Stadlbauer Andrea, Philipp Alois, Foltan Maik, Stadlbauer Christian, Schopka Simon, Schmid Christof, Keyser Andreas
Department of Cardiothoracic Surgery University Medical Center Regensburg, Germany.
Resusc Plus. 2025 Jul 14;25:101033. doi: 10.1016/j.resplu.2025.101033. eCollection 2025 Sep.
Pre-hospital extracorporeal cardiopulmonary resuscitation (ECPR) in out-of-hospital cardiac arrest is costly and resource-intensive. Low survival rates raise questions concerning efficacy of ECPR. We aimed to analyze survival and neurological outcome of these patients and the influence of underlying coronary artery disease as well as shockable heart rhythm leading to resuscitation.

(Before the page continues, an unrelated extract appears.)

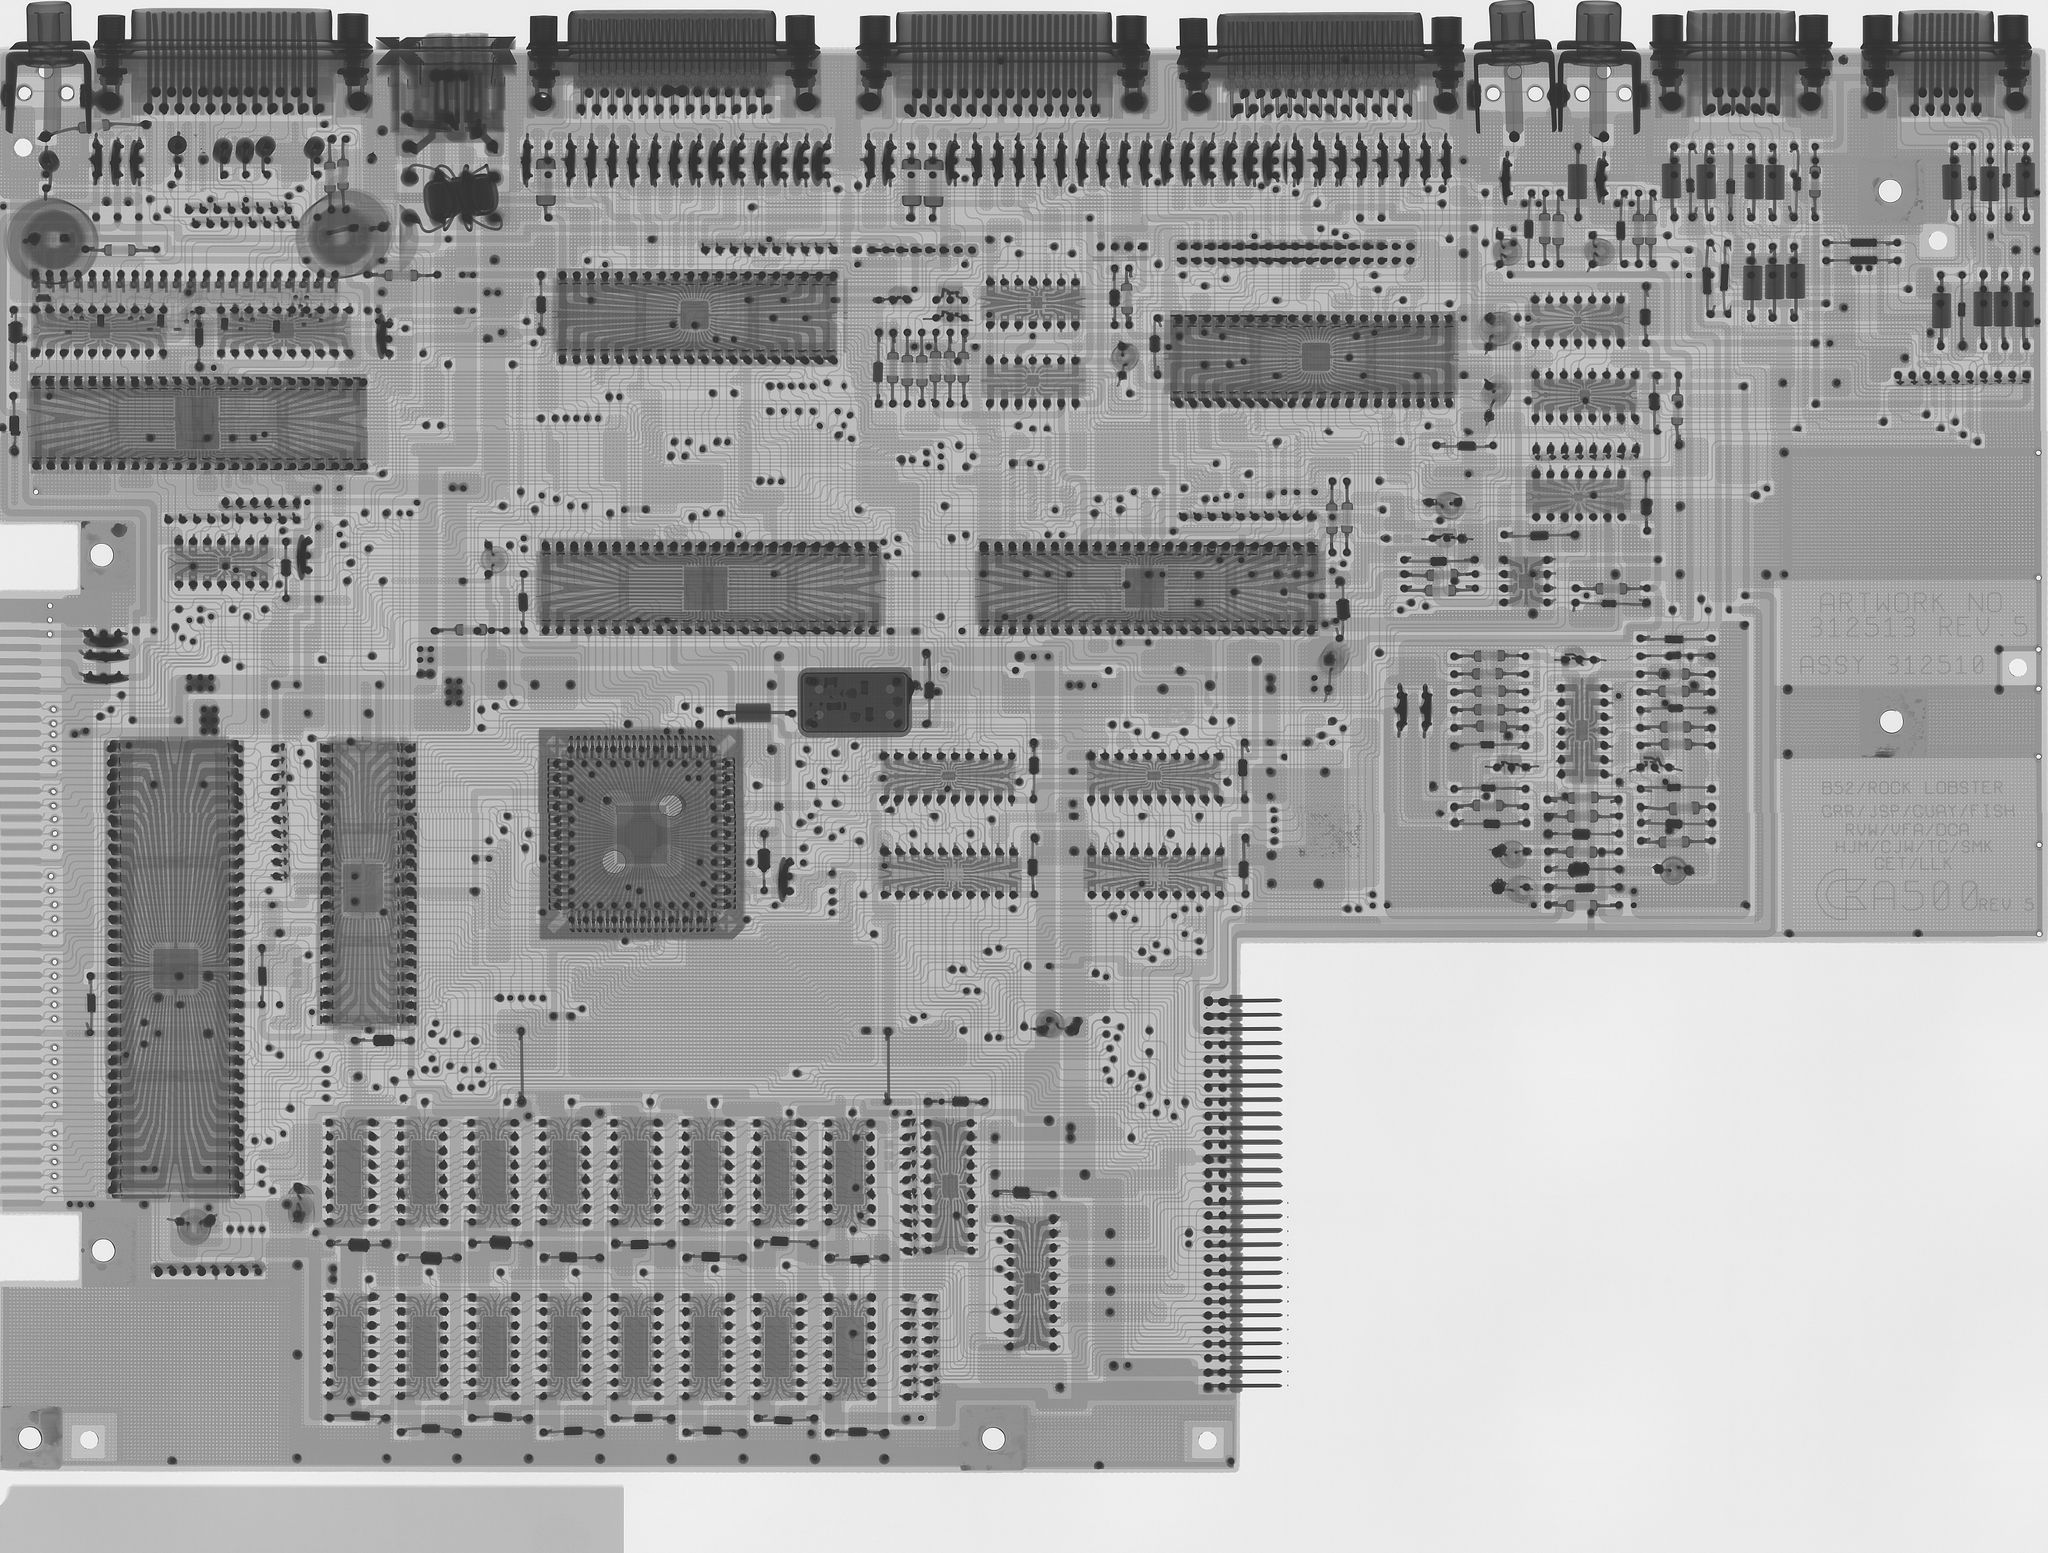 https://www.retro32.com/wp-content/uploads/2021/12/Amiga-500-xray-motherboard.jpg

Retrospective analysis of our ECMO database revealed 94 patients receiving ECPR for out-of-hospital cardiac arrest from September 2009 to May 2023. After exclusion of patients with pulmonary embolism, drowning or intoxication as confounders, 58 patients remained. Patients were divided into 2 groups depending on underlying coronary artery disease and initial heart rhythm. Primary outcome was survival to discharge and long-term survival, secondary outcome was neurological capacity analyzed with the cerebral performance category score (CPC).
26 patients (44.8 %) survived to discharge; 6 patients died during a median follow-up time of 1057.5 days. There was no significant difference concerning survival to discharge between the groups. Numerically, more patients with shockable rhythm and without coronary artery disease survived. Kaplan-Meier analysis revealed a survival benefit for patients with shockable rhythm without coronary artery disease ( < 0.007). 92.3 % of survivors had a CPC-Score of 1. CPC Score did not differ between the groups.
Though mortality in ECPR patients remains high with 55.2 %, long-term and neurological outcome with a CPC score of 1 is very good, especially of those with shockable rhythm and without coronary artery disease. Old age and duration of cardiopulmonary resuscitation pre-ECMO impair neurological outcome. Thus, on-site ECMO cannulation should be endorsed.
院外心脏骤停患者的院前体外心肺复苏(ECPR)成本高昂且资源消耗大。低生存率引发了关于ECPR疗效的质疑。我们旨在分析这些患者的生存情况和神经学转归,以及潜在冠状动脉疾病和可电击心律对复苏的影响。
对我们的体外膜肺氧合(ECMO)数据库进行回顾性分析,发现2009年9月至2023年5月期间有94例院外心脏骤停患者接受了ECPR。排除肺栓塞、溺水或中毒等混杂因素的患者后,剩余58例患者。根据潜在冠状动脉疾病和初始心律将患者分为两组。主要结局是出院生存率和长期生存率,次要结局是用脑功能分级(CPC)评分分析神经功能。
26例患者(44.8%)存活出院;6例患者在中位随访时间1057.5天期间死亡。两组间出院生存率无显著差异。从数字上看,可电击心律且无冠状动脉疾病的患者存活人数更多。Kaplan-Meier分析显示,可电击心律且无冠状动脉疾病的患者有生存获益(P<0.007)。92.3%的幸存者CPC评分为1。两组间CPC评分无差异。
尽管ECPR患者的死亡率仍高达55.2%,但CPC评分为1的长期和神经学转归非常好,尤其是可电击心律且无冠状动脉疾病的患者。高龄和ECMO前心肺复苏持续时间会损害神经学转归。因此,应支持现场进行ECMO插管。